■ WHAT IS REQUIRED
Would you output all the lines below precisely as they stand, leaving each picture out?

■ INFORMATION PROVIDED
——

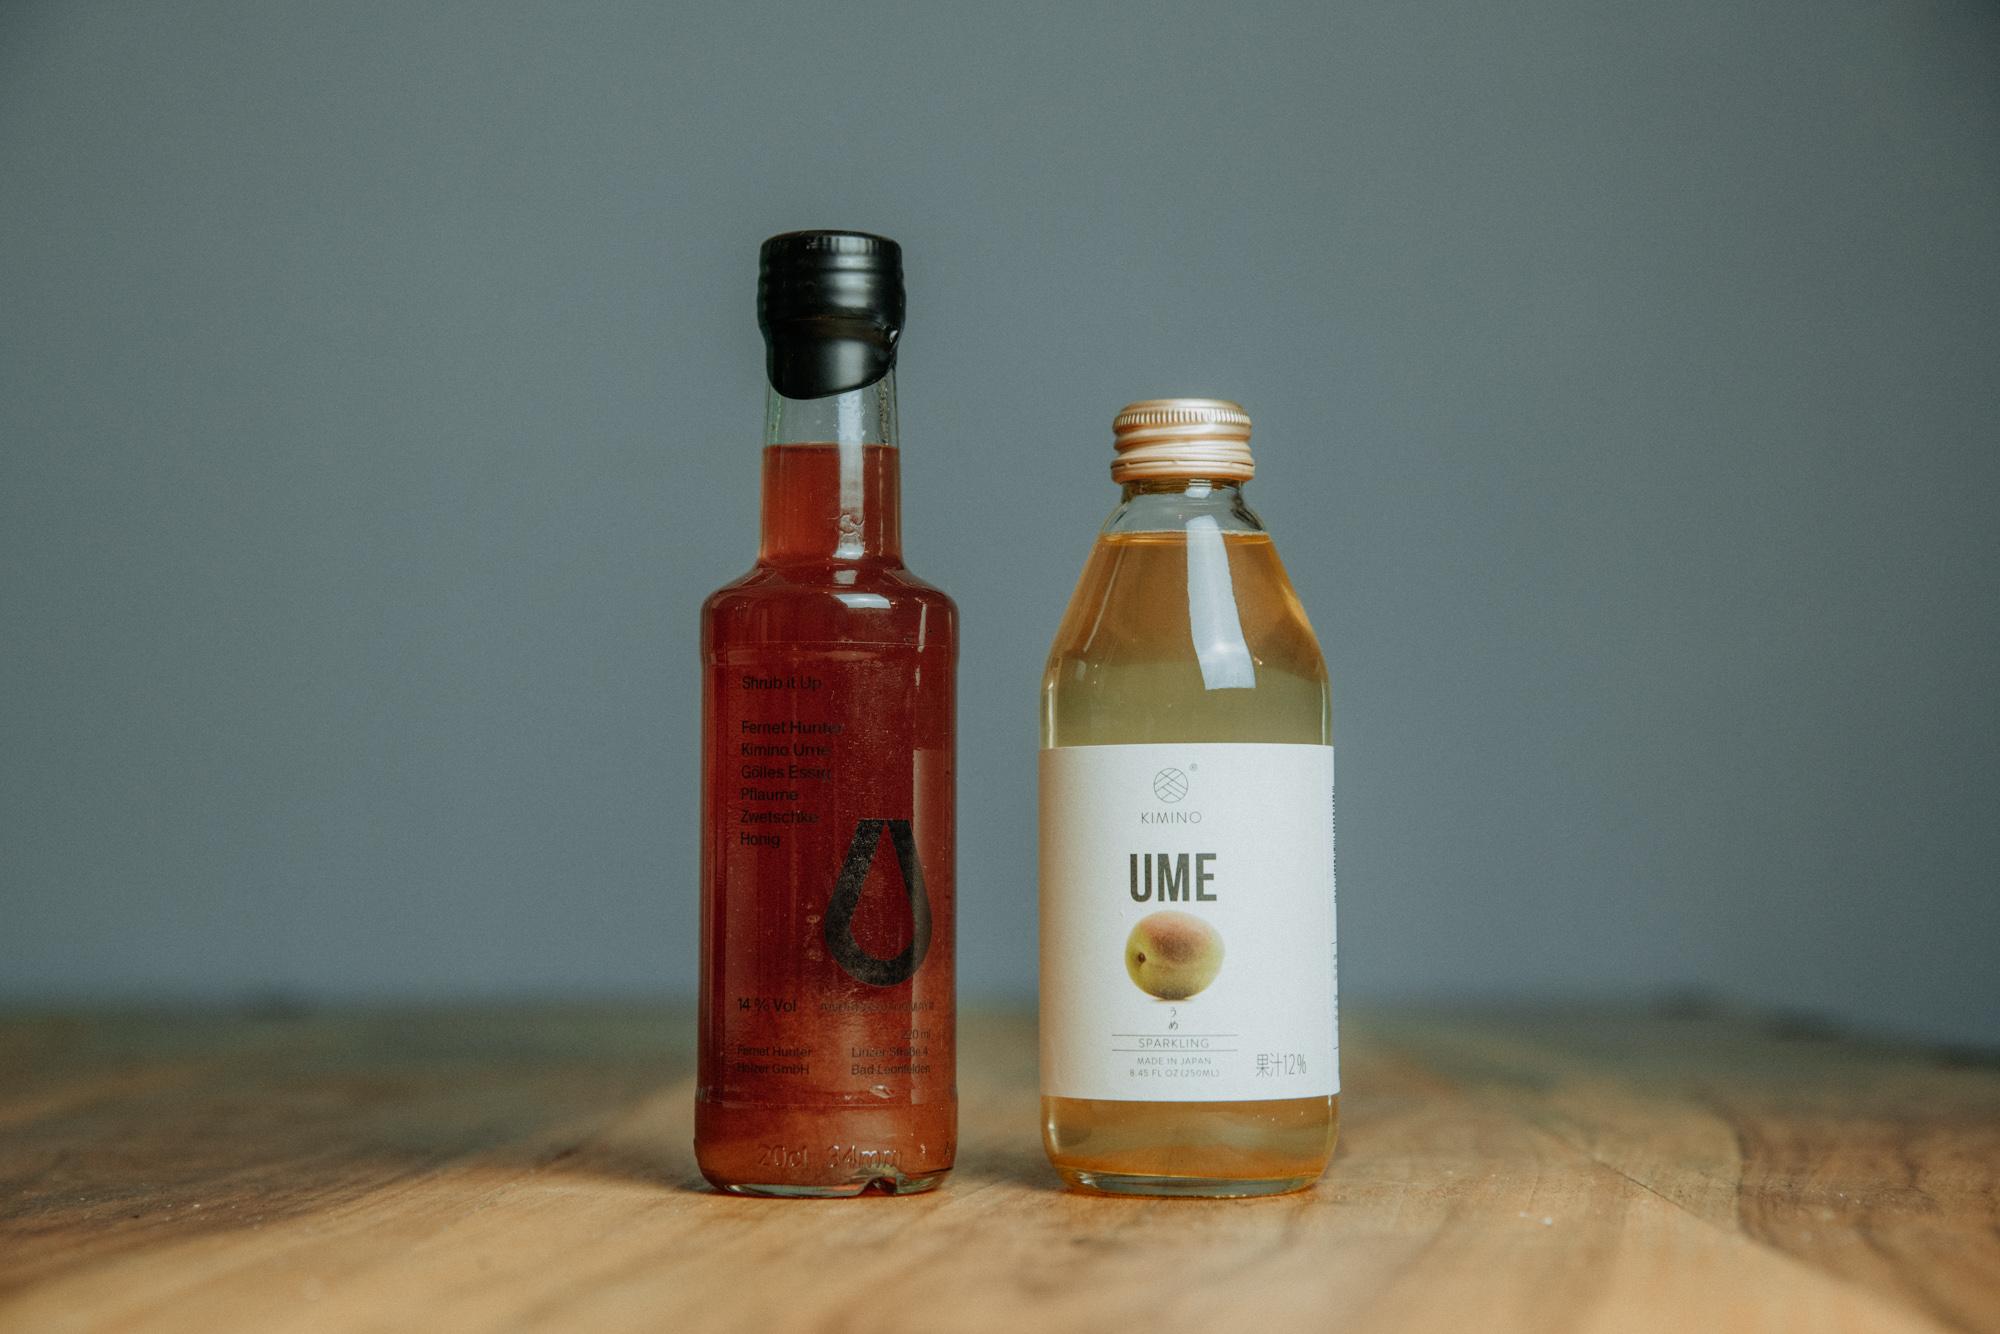 Andreas Lugmayr Bottled Cocktails Shrub it up Kimino Ume Abhohlen Lieferung Linz Österreich
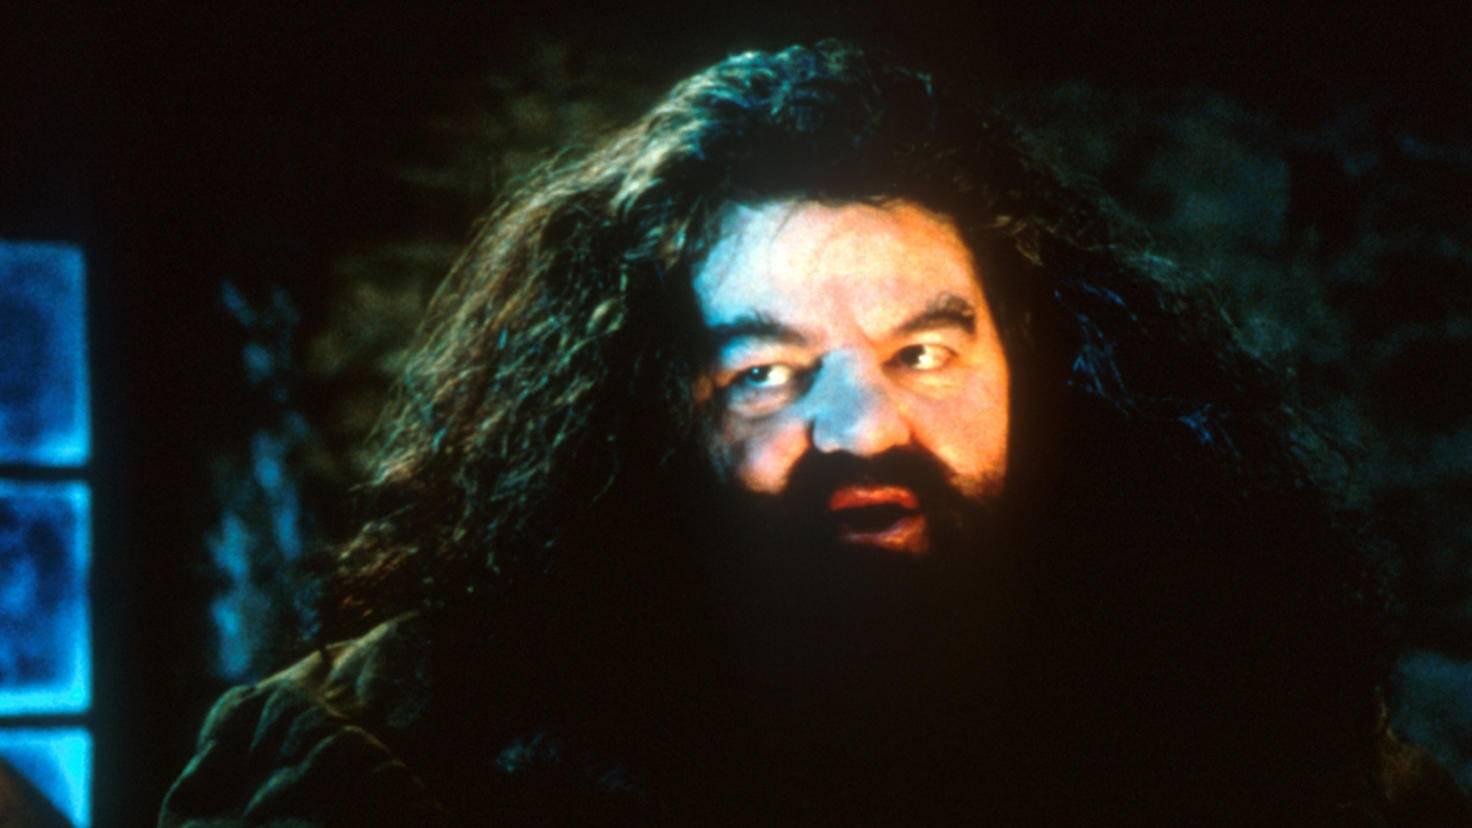 Harry Potter Rubeus Hagrid
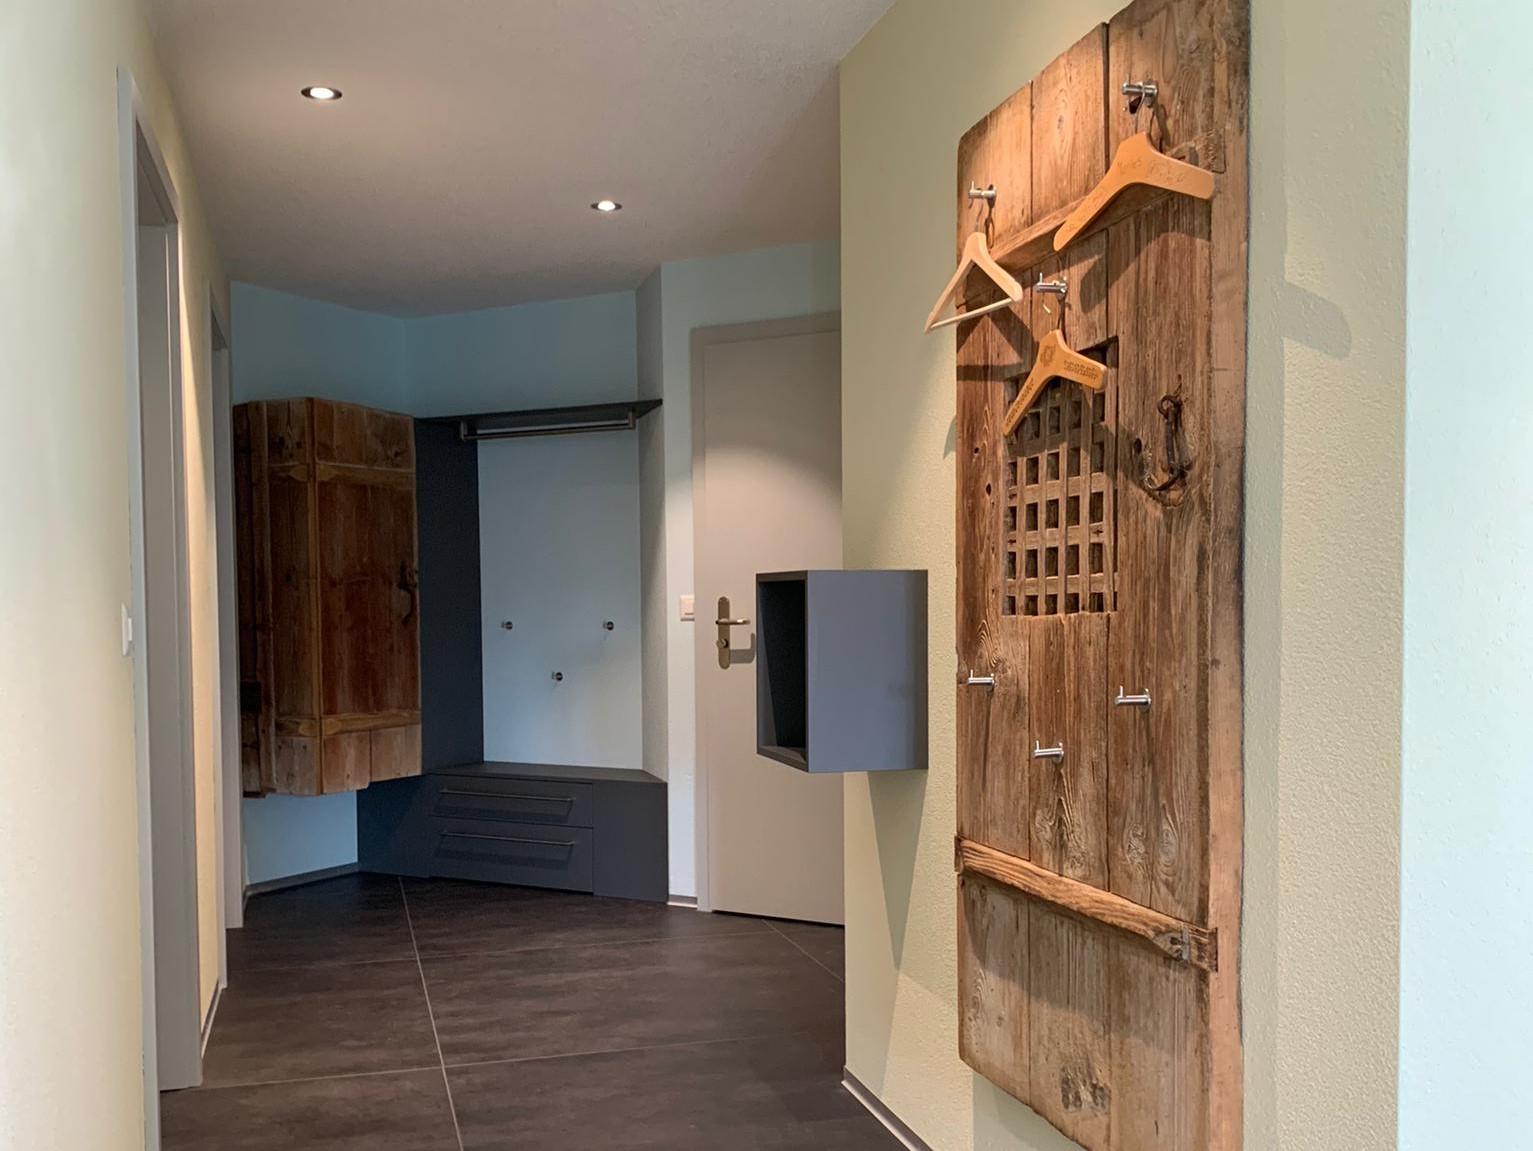 Woodddesign_Holzdesign_Altholz_Garderobe_modern_rustikal_gebürstet_Gästegarderobe (1)-min
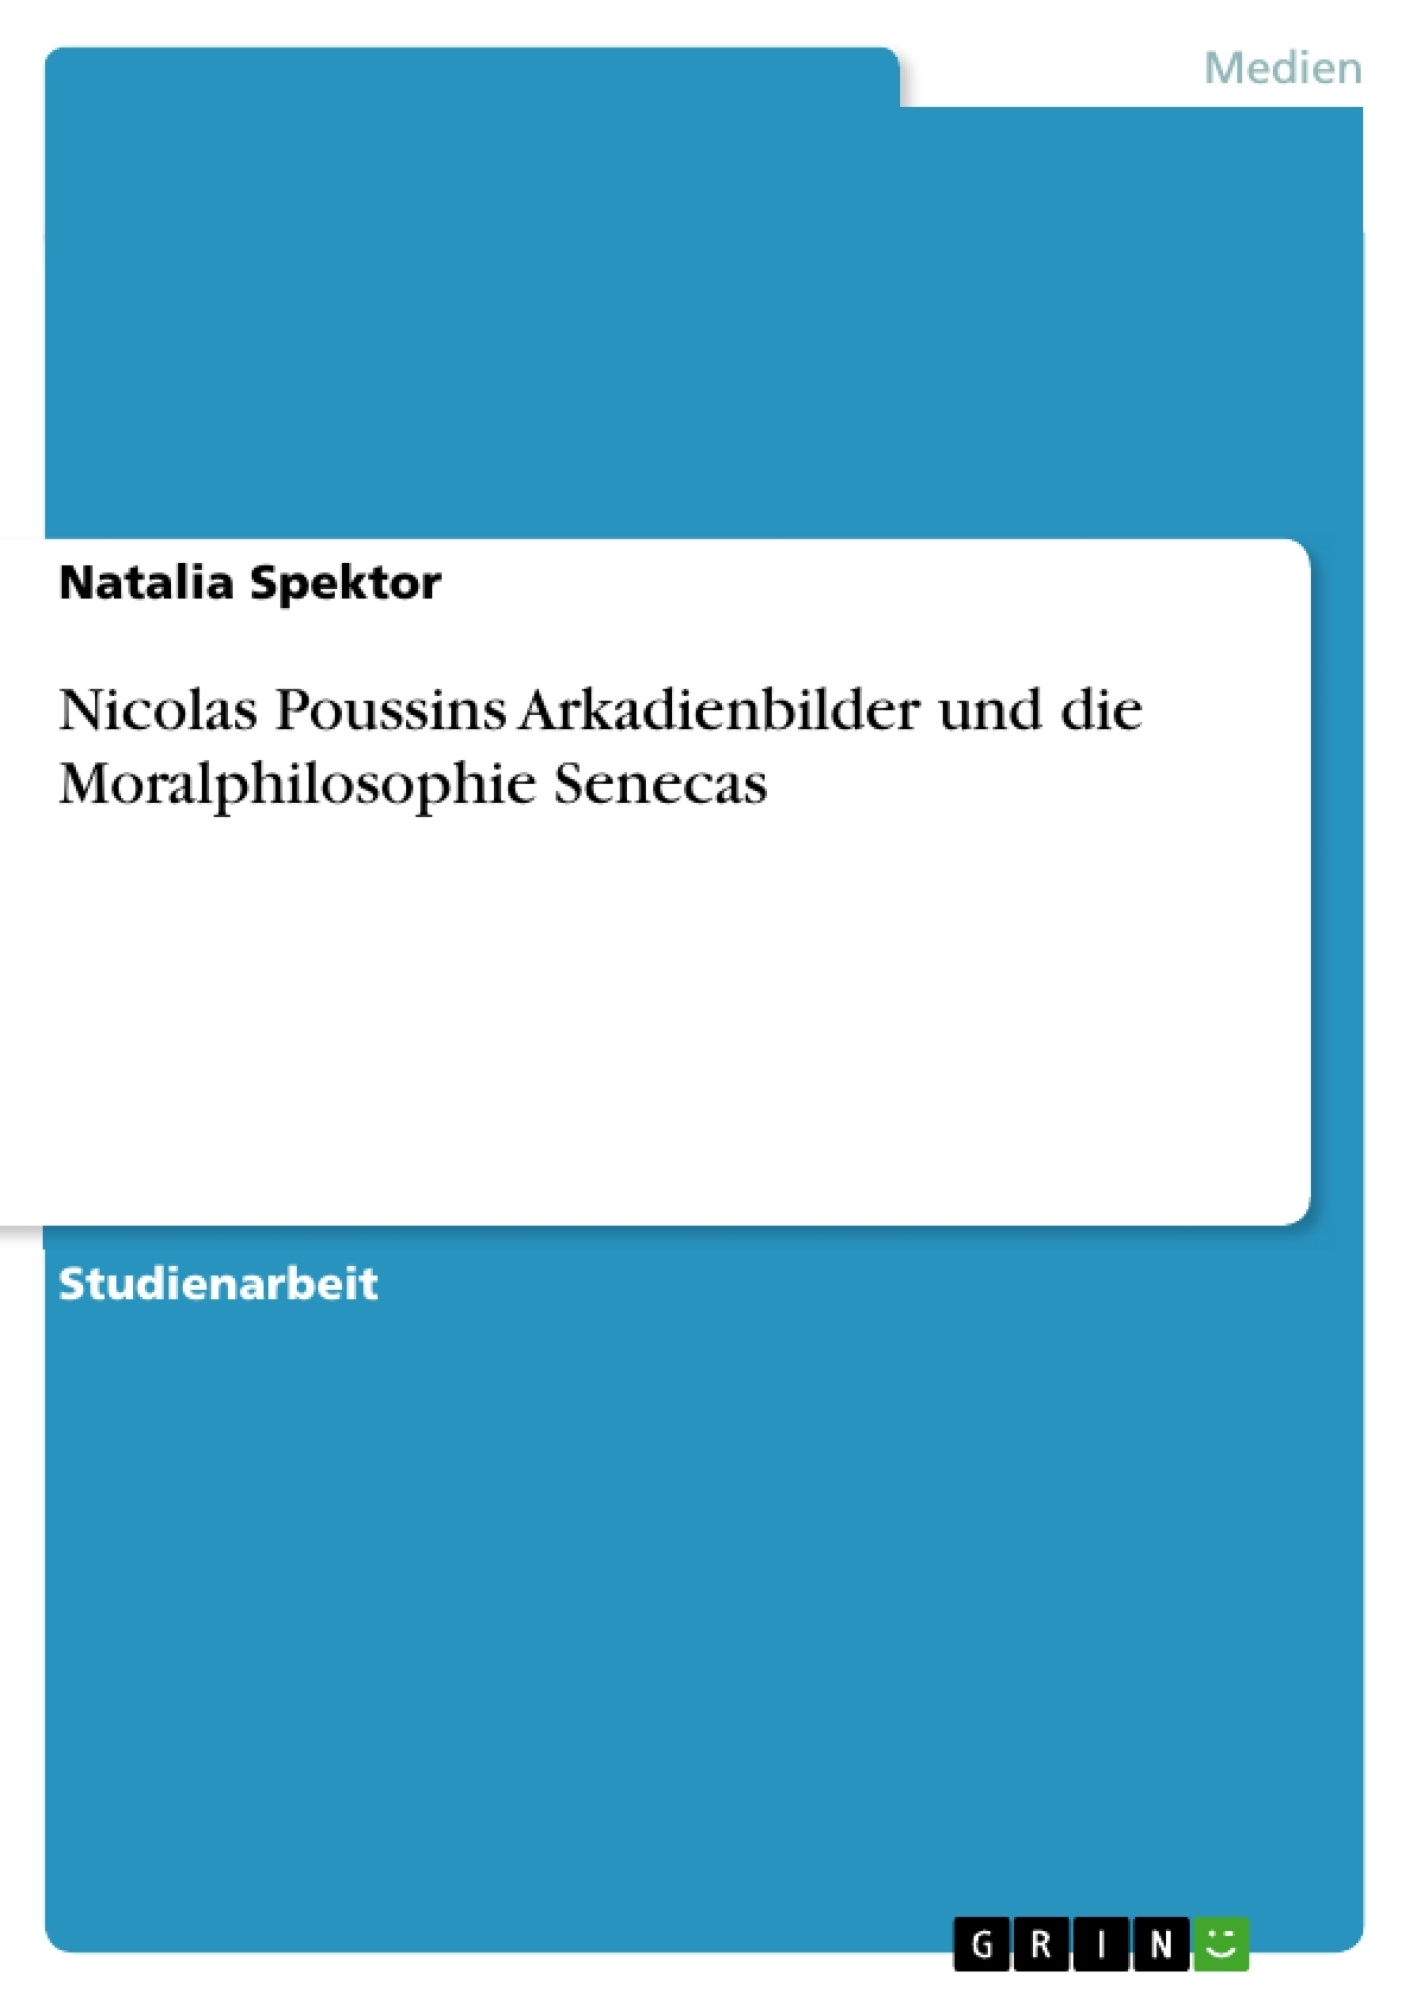 Titel: Nicolas Poussins Arkadienbilder und die Moralphilosophie Senecas

——

■ ANSWER FOR THE TASK
 Andreas Lugmayr Bottled Cocktails Shrub it up Kimino Ume Abhohlen Lieferung Linz Österreich
 Harry Potter Rubeus Hagrid
 Woodddesign_Holzdesign_Altholz_Garderobe_modern_rustikal_gebürstet_Gästegarderobe (1)-min
 Titel: Nicolas Poussins Arkadienbilder und die Moralphilosophie Senecas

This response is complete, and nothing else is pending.